Why? they do not braodcast Over the air like a network. If satellite can carry porn channels, which is definately not FCC kosher, then why can't HDNet show an uncensored concert?


----------



## spykedvodka (Jan 31, 2006)

MTV showed a program on their Scared Straight program about 4 - 5 years ago. It was uncensored because they wanted to show the reality of prision. Everyother word was F*CK - non censured. They did have a disclaimer throughout the program though.


----------



## Fifty Caliber (Jan 4, 2006)

normang said:


> ...just because you like seeing people with dirty words or sayings on their T-shirts and Eminem spewing explicatives, doesn't mean that everyone else does...


I agree, I don't like excessive usage of profanity. I do however like seeing nudity and sexual activity on television.


----------



## James Long (Apr 17, 2003)

HD Net does not have to follow the FCC's broadcast decency standards but they have chosen to do so to a certain extent (as ALL cable channels do, to differing extents) on their own. Most networks have a standard ... I was watching "Sturgis" on NatGeo HD last night and they blurring inflatable women in one scene because they were performing a sex act (and yet showed a topless real woman's tits in another scene the blur guy must have missed). HD Net has chosen to follow a standard that doesn't air certain things.

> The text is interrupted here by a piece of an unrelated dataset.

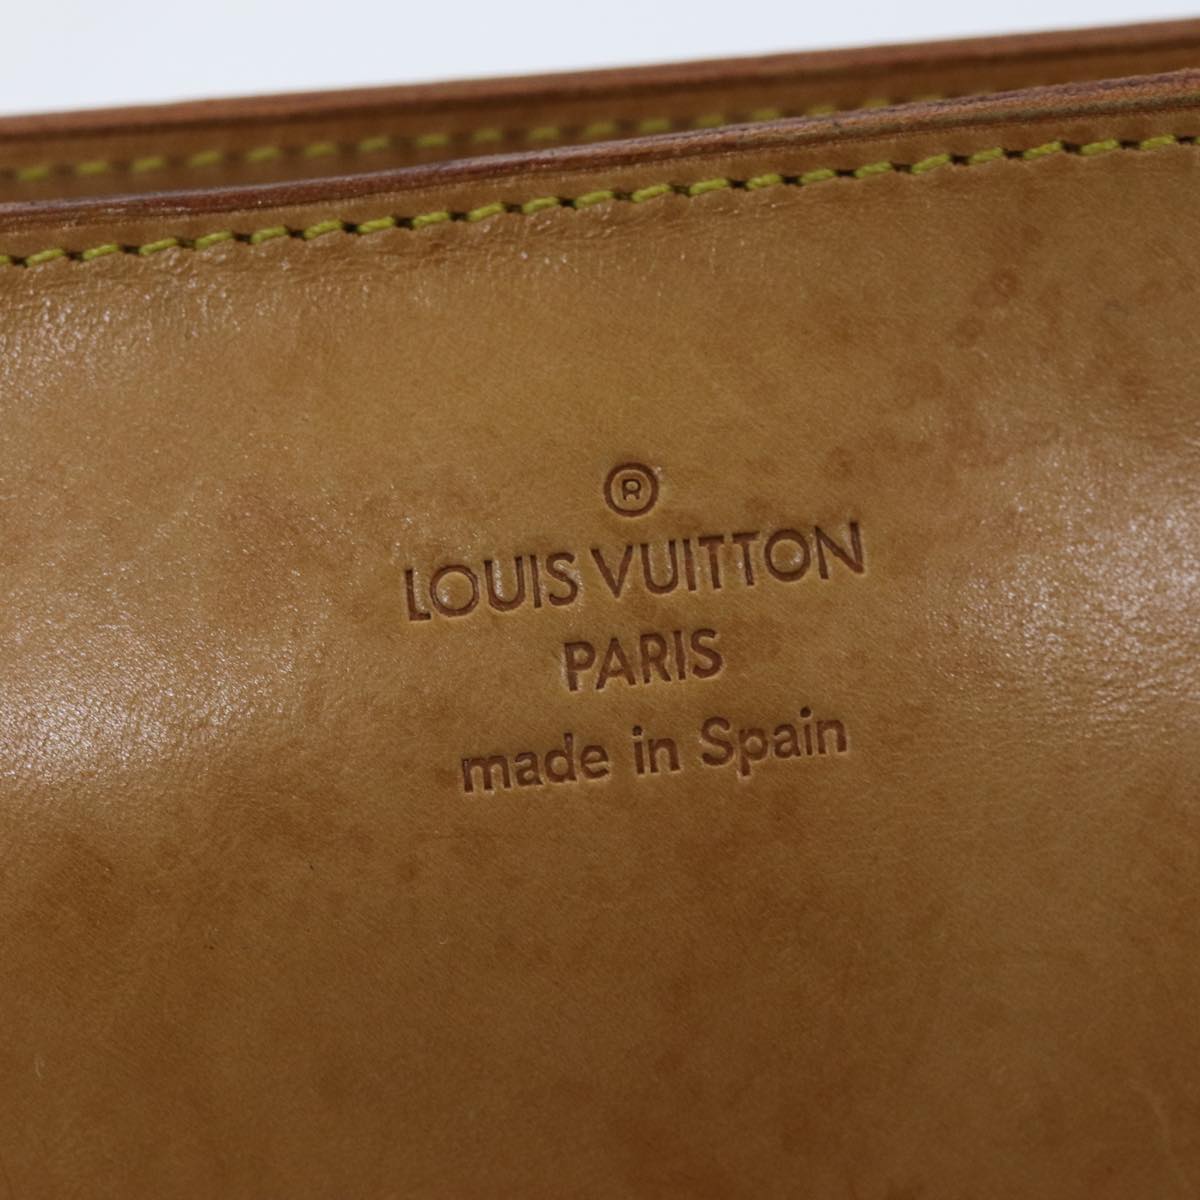 LOUIS VUITTON Nomad Accessory Pouch Leather Beige LV Auth bs14705

Perhaps they should have dropped their standard editing for the Eminem special (such as ESPN2 dropped their editing when they aired the Bobby Knight story edited on ESPN and less edited on ESPN2). It's their decision.


----------



## Steve Mehs (Mar 21, 2002)

normang said:


> They are bound by the constraints of the FCC, and just because you like seeing people with dirty words or sayings on their T-shirts and Eminem spewing explicatives, doesn't mean that everyone else does.. If it were a late night event, perhaps they would have censored it less. Maybe not.


HDNet, or TNT or USA Network for that matter is no more bound by the FCC then HBO or Showtime. There is nothing FCC related from keeping the programming people at Cartoon Network or Boomberang from going to their sister stations vast library of softcore porn and airing The Erotic Hotel series from Cinemax at 3 in the afternoon.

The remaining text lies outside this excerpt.